Interview Exclusive : Alexandre Alerini, écrivain et aventureux à tendance gaia


‘Personne au monde n’a le droit de dire, à qui que ce soit, que son amour pour un autre être humain est moralement prohibé.’

C’est avec cette puissante citation de Barbara Streisand qu’on démarre la ‘Tronche de cake ou le petit zamel’ d’Alexandre Alerini. Un écrivain d’origine Marocaine, Tunisienne et Française. Tous à la fois.

Auteur de ‘Vendredi Treize ou les mémoires secrets de Sir Robinson Crusoé’ dont j’avais la chance de le lire. Une merveilleuse histoire pleine d’amour, tolérance, amitié et d’humour avec aussi un grand zeste de sexe comme le décrit Bruno Masure, un journaliste chroniquer qui préface le roman.

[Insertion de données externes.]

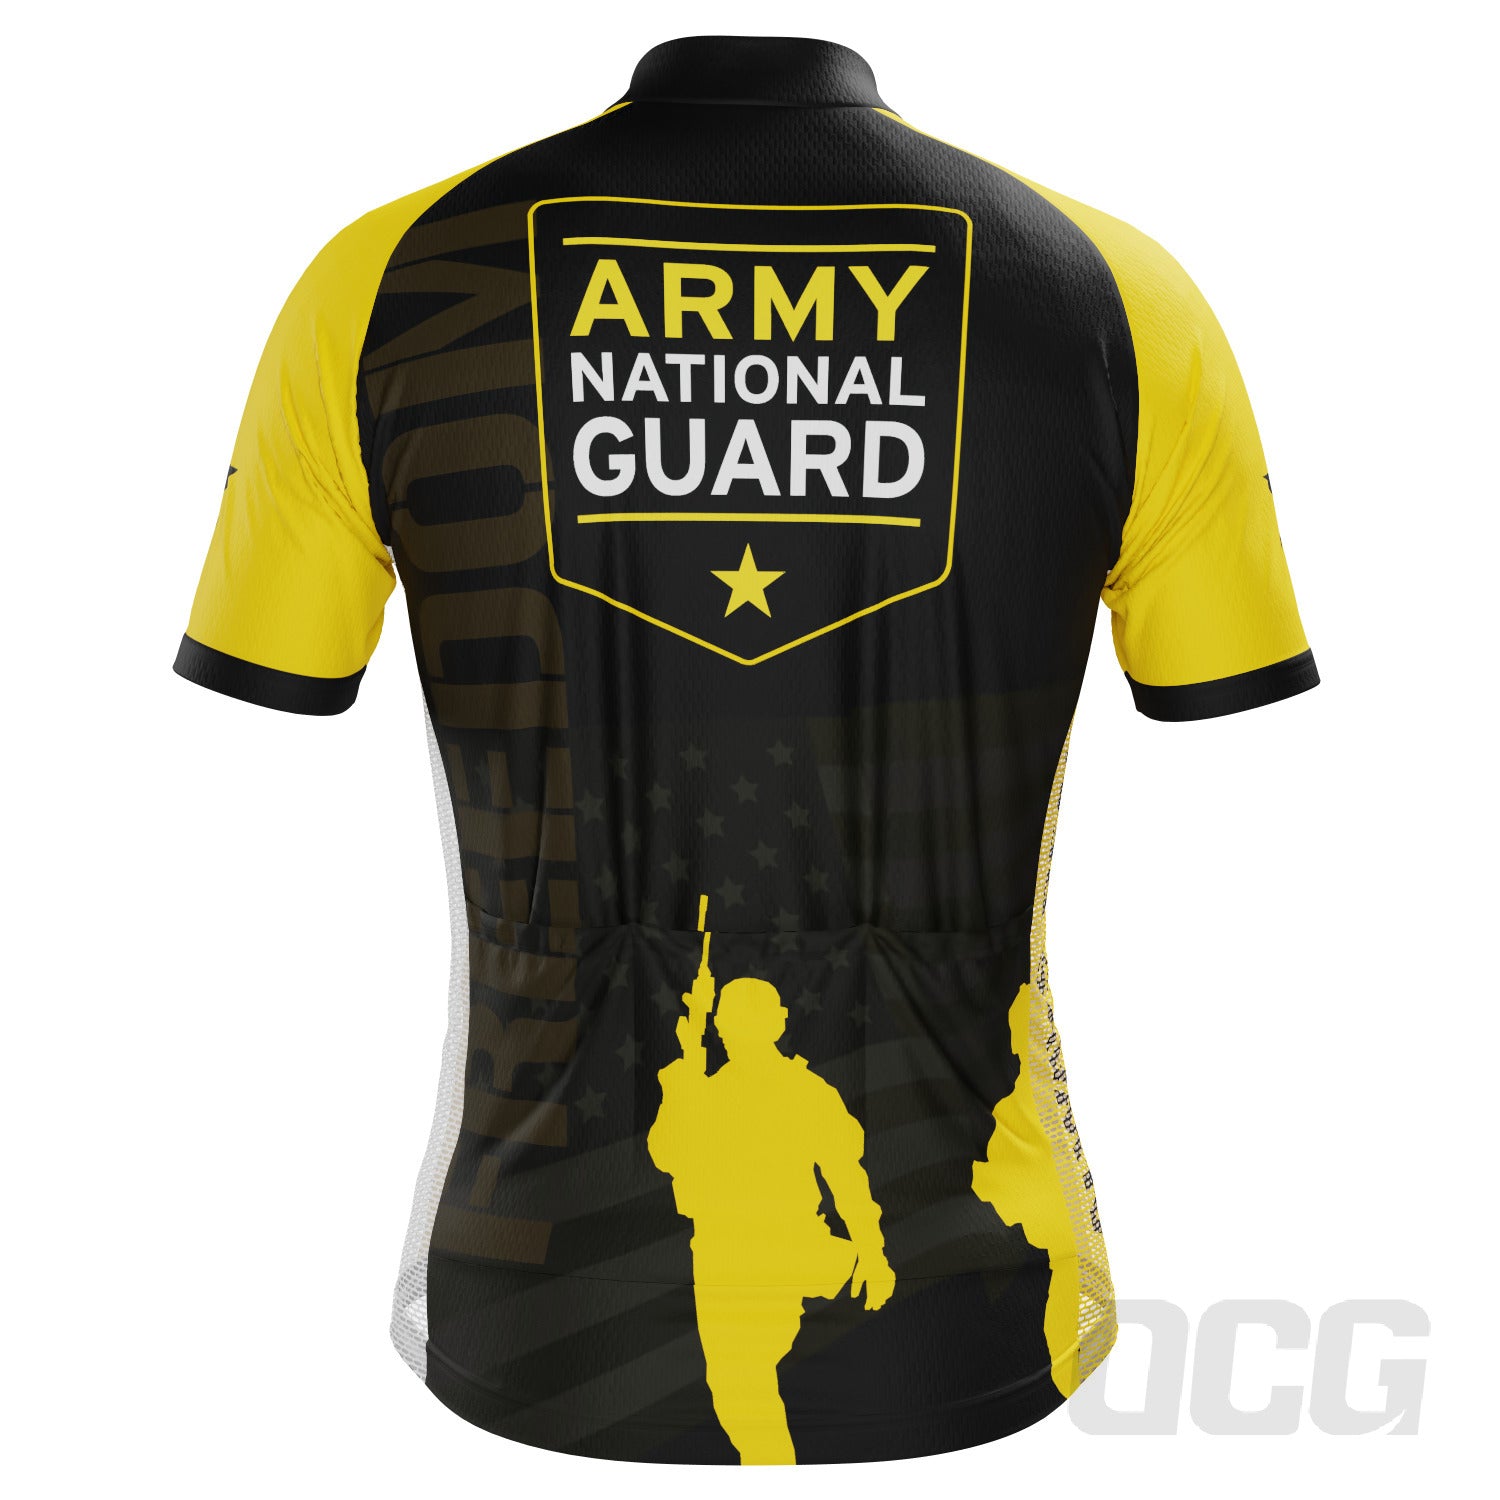 Men's USAF Army National Guard Short Sleeve Cycling Jersey

J’avais beaucoup de plaisir à échanger avec Alexandre et je vous parviens ici une interview exclusive pour Gayday Magazine :  

Gayday : Alexandre Alerini, qu’est-ce qui vous a poussé à écrire ?

Alexandre Alerini : La colère ! Je suis un grand dévoreur de livres et je m’intéresse à toutes les littératures : française, américaine, chinoise, arabe, etc. Un jour, je suis tombé sur un roman d’un journaliste de Paris Match « La vie sexuelle de Robinson Crusoë ». En tant que gay, ce titre m’a interpellé et je l’ai lu, croyant à une histoire d’amour entre Robinson et Vendredi. Horreur ! Robinson était un raciste sadique et négrier (dans ce roman). Il violait Vendredi, aussi bien que des perroquets ou des femmes. Alors, la colère m’a pris, et j’ai décidé d’écrire la « vraie histoire d’amour de Robinson Crusoë et de son beau Vendredi ». Puis, dans la foulée, j’ai pensé à mon enfance heureuse au Maroc et « Tronche de cake » est né… par amour !

 

Gd : Si nous nous trouvions dans l’ascenceur d’un gratte-ciel, entre le rez-de-chaussée et le 100e étage, que me diriez-vous sur votre livre pour me donner envie de le lire avant que les portes ne s’ouvrent au sommet ?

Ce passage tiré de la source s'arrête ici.